Comi o cu do amiguinho de meu sobrinho
Depois da separação da minha ex-mulher, a casa grande no bairro Catolé, aqui em Campina Grande, Paraíba, ficou parecendo um túmulo silencioso e vazio. Eu, Zé Roberto, com meus 46 anos bem vividos, corpo de homem que trabalha duro a vida inteira — peito largo e peludo que desce até a barriga de cerveja gelada, braços grossos de quem carrega saco de cimento e tijolo o dia todo, pernas fortes e uma rola grossa, pesada, cheia de veias que sempre foi meu maior orgulho —, comecei a sentir um tesão doido correndo no sangue como nunca antes. As noites eram longas e vazias demais. Desde o divórcio, minha piroca acordava dura quase todo santo dia, latejando sem motivo aparente, como se o corpo estivesse cobrando os anos de fidelidade que eu mantive enquanto ela fazia o que queria pelas minhas costas. Eu nunca traí, mas o tesão acumulado explodiu de vez.

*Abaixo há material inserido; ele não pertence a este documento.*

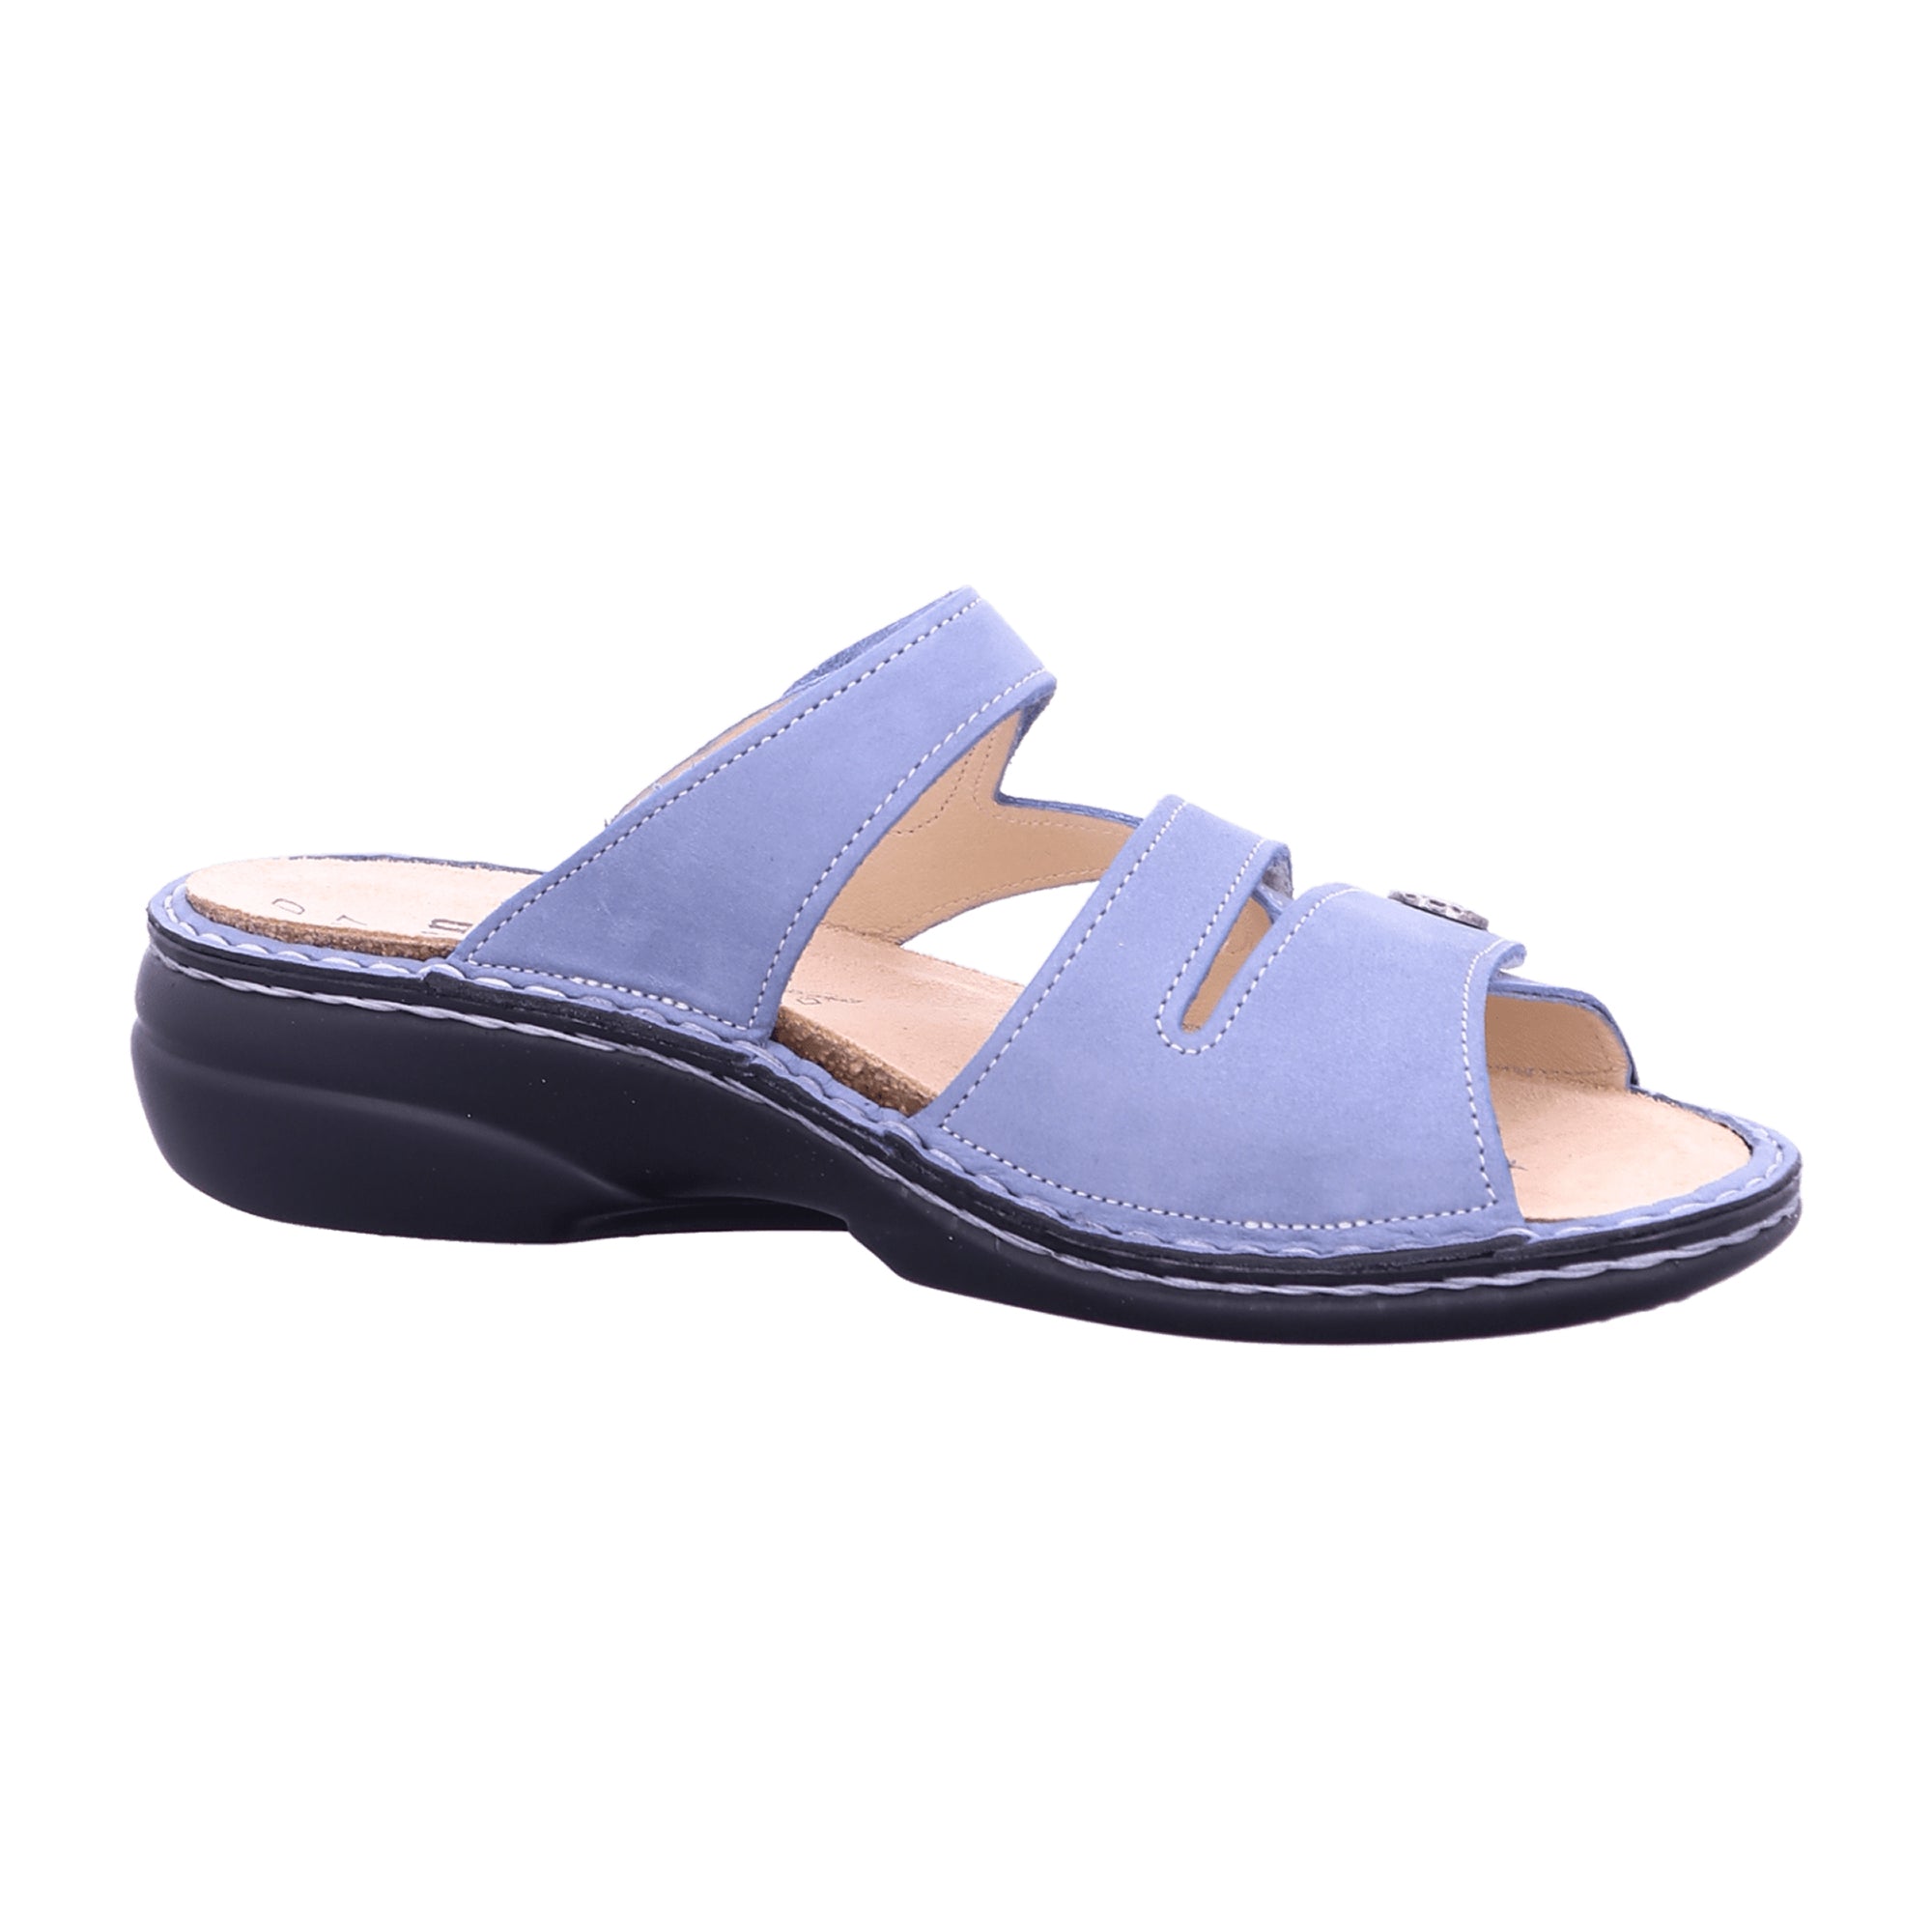 Finn Comfort Ventura-S Women's Comfort Sandals, Blue - Stylish & Durable

Tenho duas lojas de material de construção: uma bem no centro da cidade, sempre cheia de movimento com pedreiros, mestres de obra e clientes discutindo preço, e outra em Monteiro, pra onde viajo bastante pra resolver negócio, entregar mercadoria, cobrar contas atrasadas e supervisionar o estoque. Quando tô em casa, fico no escritório do fundo resolvendo notas, pedidos, planilhas, impostos e tudo mais que precisa ser feito pra manter o negócio rodando. Meu filho Rafael fica comigo um mês sim, outro não. E toda vez que ele aparece por aqui, o Gustavo — amigo dele desde criança, que mora duas ruas pra trás no mesmo bairro — praticamente acampa na minha sala. Os dois jogam videogame até tarde da noite, conversam besteiras sobre futebol e mulher, pedem pizza, tomam refrigerante e riem alto como se o mundo fosse só deles.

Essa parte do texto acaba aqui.